CARACAS – Express kidnappings made a big comeback in Venezuela during the final months of 2017 after being interrupted for four months by street protests against the government that paralyzed entire sectors of the country, while almost totally halting the kidnappers’ movements and operations, experts and those affected told EFE.

“Carrying out crimes like that requires escape routes, traffic that keeps moving, and when you have streets that are blocked, such crimes come up against an obstacle they can do nothing about,” EFE was told by Fermin Marmol, a criminal lawyer and security consultant who advises the families of kidnappers’ hostages in Venezuela.

“By the time the citizens’ protests ended, the criminal gangs were hungry,” Marmol said in reference to the demonstrations that between April and July filled streets in the principal cities with barricades and stopped those “express kidnappings,” abductions that last a few hours until a ransom is collected.

Their reemergence was felt strongly in Caracas in late November and early December, where in one month Marmol has a record of 80 people kidnapped.

Of those 80 victims, at least nine were seized in just half an hour by one of the three large gangs operating in the capital, which set up a fake traffic-control station with its members armed with rifles and wearing police uniforms.

The other hostages were caught by kidnappers in an SUV who intercepted them on back streets with little traffic or when coming off an expressway, and forced them to get in the criminals’ vehicle.

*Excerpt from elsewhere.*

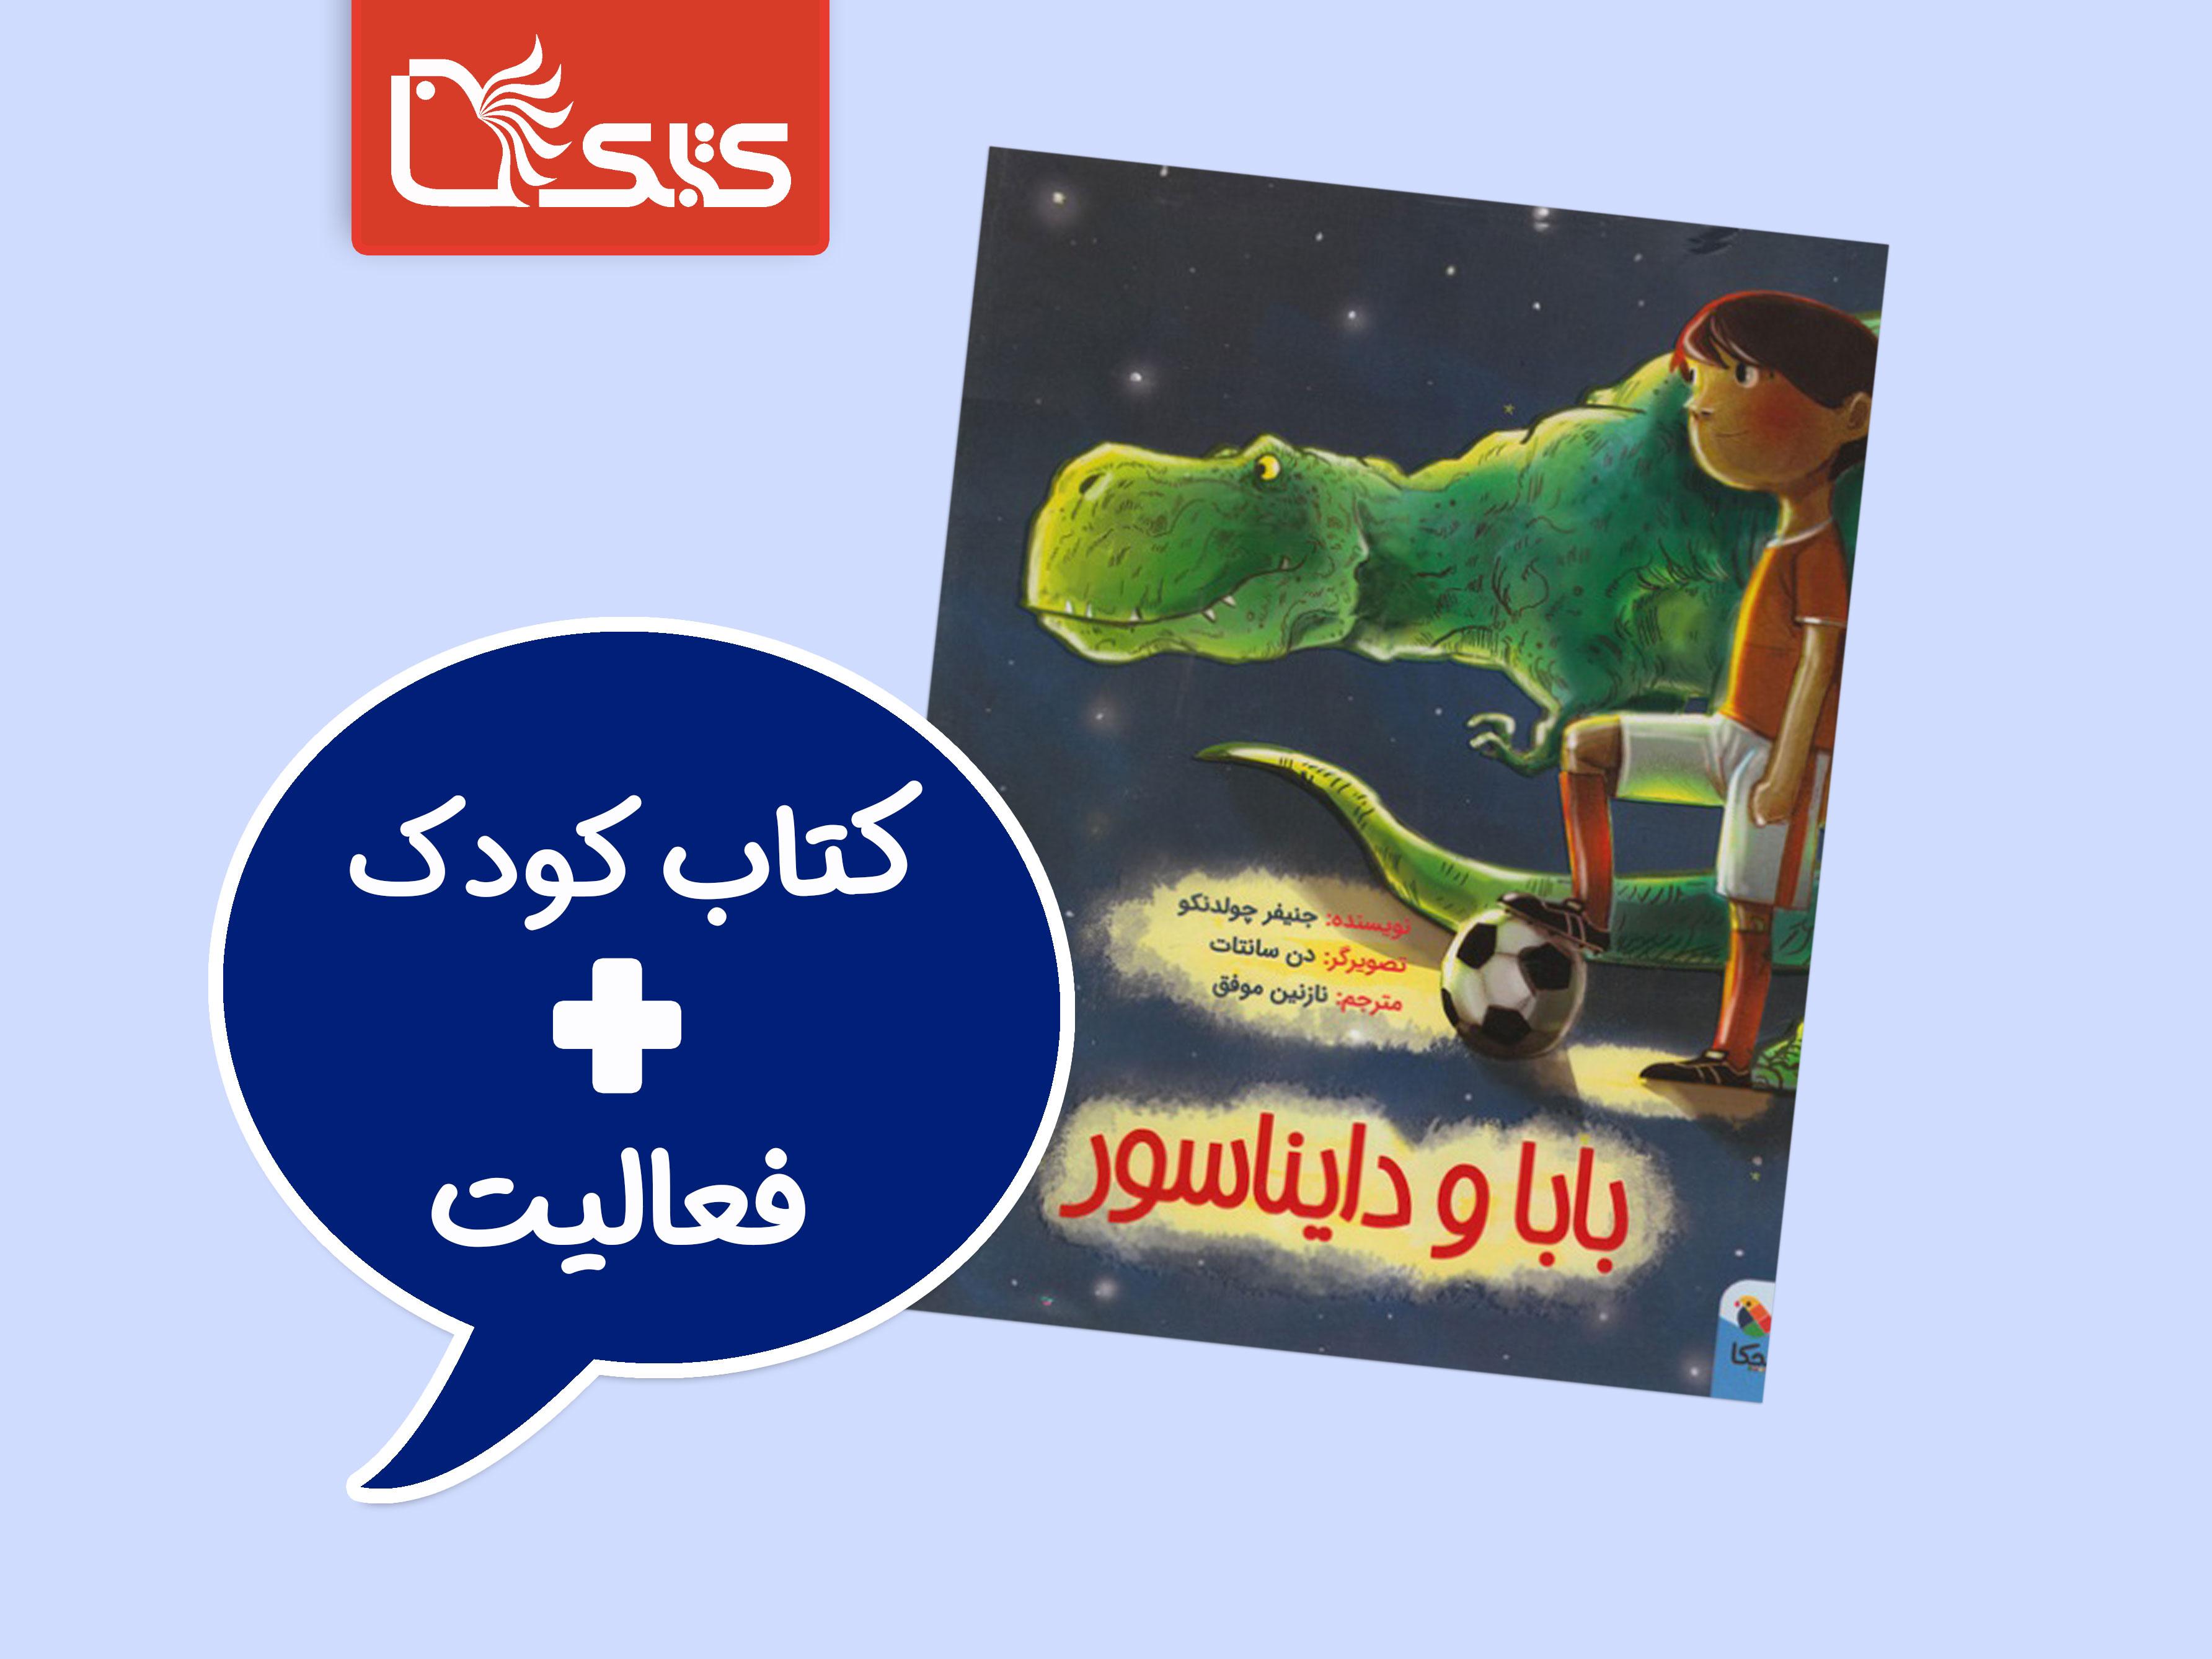 فعالیت پیشنهادی برای کتاب بابا و دایناسور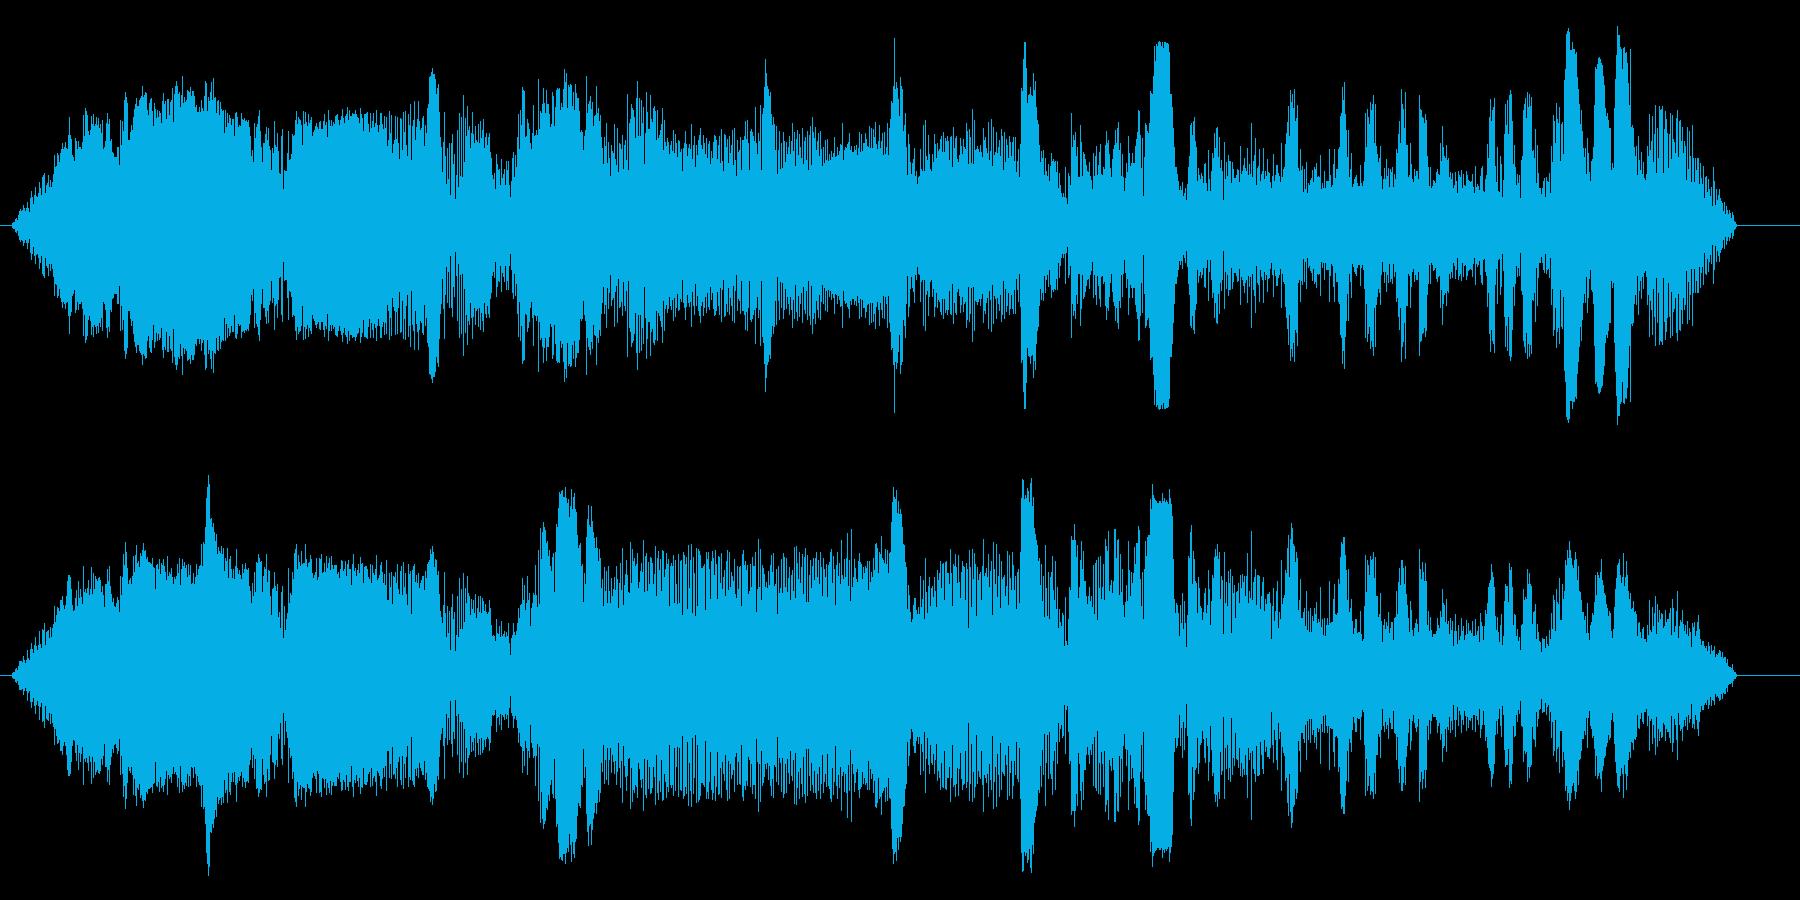 ドラッグボート;スタート/アイドル...の再生済みの波形

According to Marmol, kidnappers pick their victims by the kind of cars they drive, generally targeting luxury vehicles which indicate the possibility of charging a bigger ransom.

Once inside the kidnappers’ auto, the victim or victims are questioned aggressively, while their mobile phones and billfolds are studied to determine, through their photos, credit cards and contacts, how much money they can charge, almost always in cash and in dollars.

Then comes the key question: “Who wants you back alive?”